Answering these questions and being cognizant of potential downsides help shape sales conversations is what’s really going to elevate your buyer’s experience. In the end, they’re buying because they need something, so you must get the information they need from the first second of your meeting.

Presenting Solutions

By far the easiest way to process and encapsulate all 3 of the above comes through telling a story. That’s because stories allow you to deposit information into their account and sets yourself up to ask questions.

Andy Raskin, a sales consultant, presents a beautiful way to present a story through a sales-deck (link to article). Don’t get me wrong, I’m not asserting that such elaborate presentations are necessary for initial qualification calls, but I am saying is that you need to give to receive, and stories work best. The beauty of Raskin’s approach of presenting stories encapsulates all 3 essential forms of deposit — market movements that are shaping their respective industries, use-cases from similar companies, and your product’s vision and future path towards addressing the challenges of a changing world.

And if you think about it, stories are essentially a series of continuously changing events that have a start and end-point. What a change of events does to the human brain is it grabs attention. So if the salesperson can educate the buyer while grabbing their attention, then the salesperson has a stronger claim for asking questions that pertain to the BANT criteria.

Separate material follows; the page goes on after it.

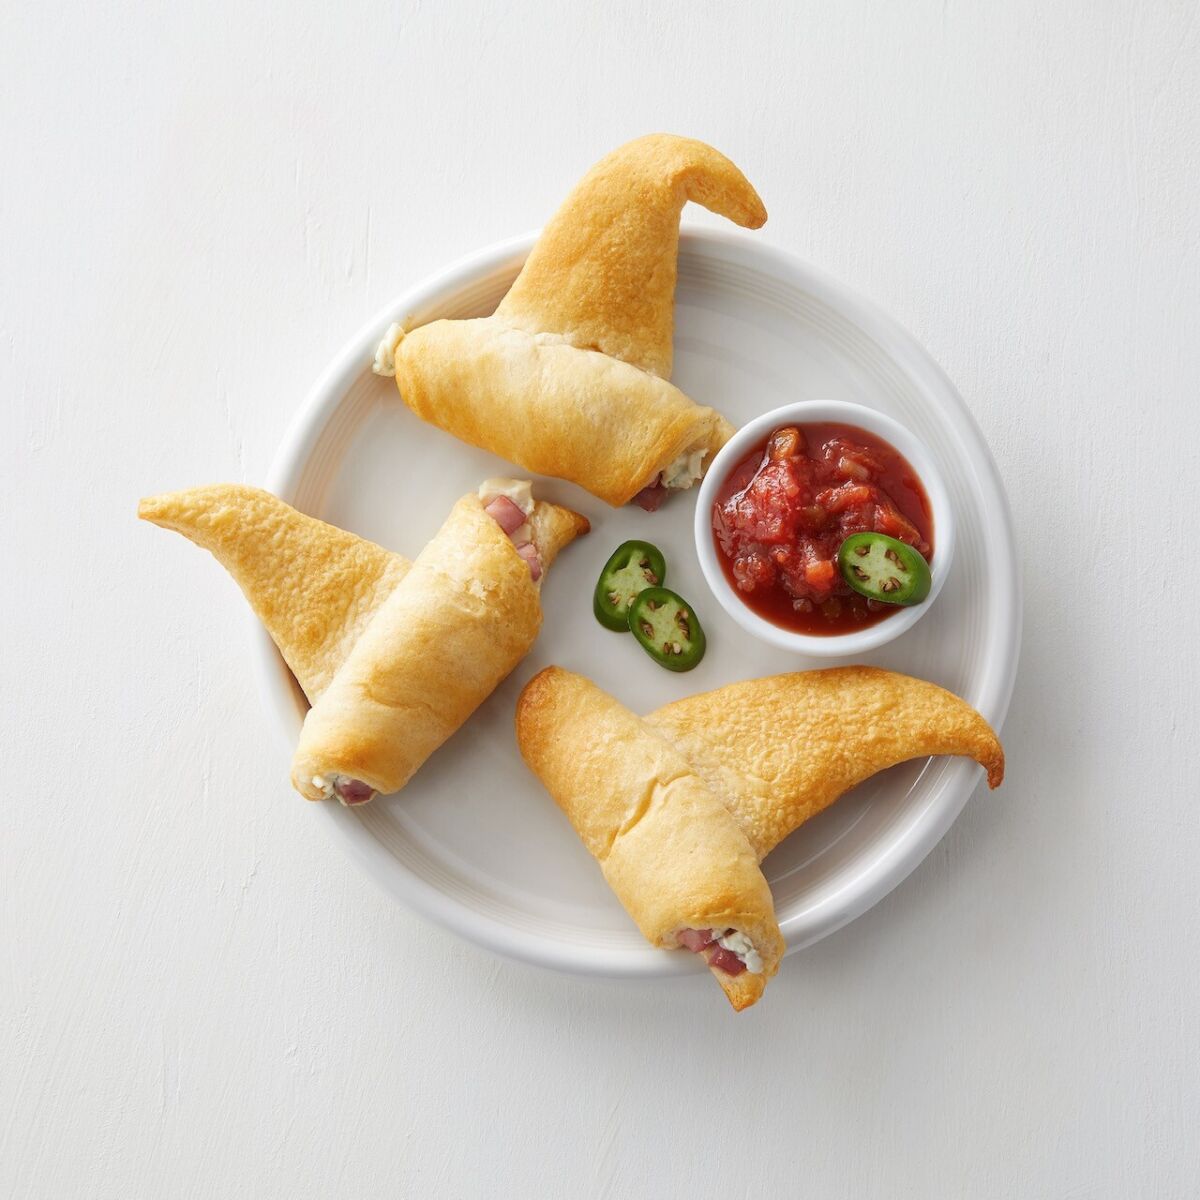 Witch "hats" made of crescent rolls, ham and cream cheese.

These stories and narratives that you create to educate your buyers ultimately serve to create stronger buyer’s journeys and help them align with your companies strategic brand and story. In essence, what an excellent story does is blend BANT into a balanced exchange of ideas and insights for the buyer, while gaining critical qualification intelligence for the SDR. The result of such an initial exchange is that your buyer knows who you are, where your product comes from, how you’re currently doing it, and where you want to in the future (the vision). Ultimately, such information helps to create a narrative that drives urgency so the buyer could decide if this is a journey they want to be on. You have to create that sort of dialogue to get them to think about solutions.

You as a salesperson need to be their guide to the market and to the problem you solve with your product. There’s just no other way around it. So frame the story subject matter from your product’s solution.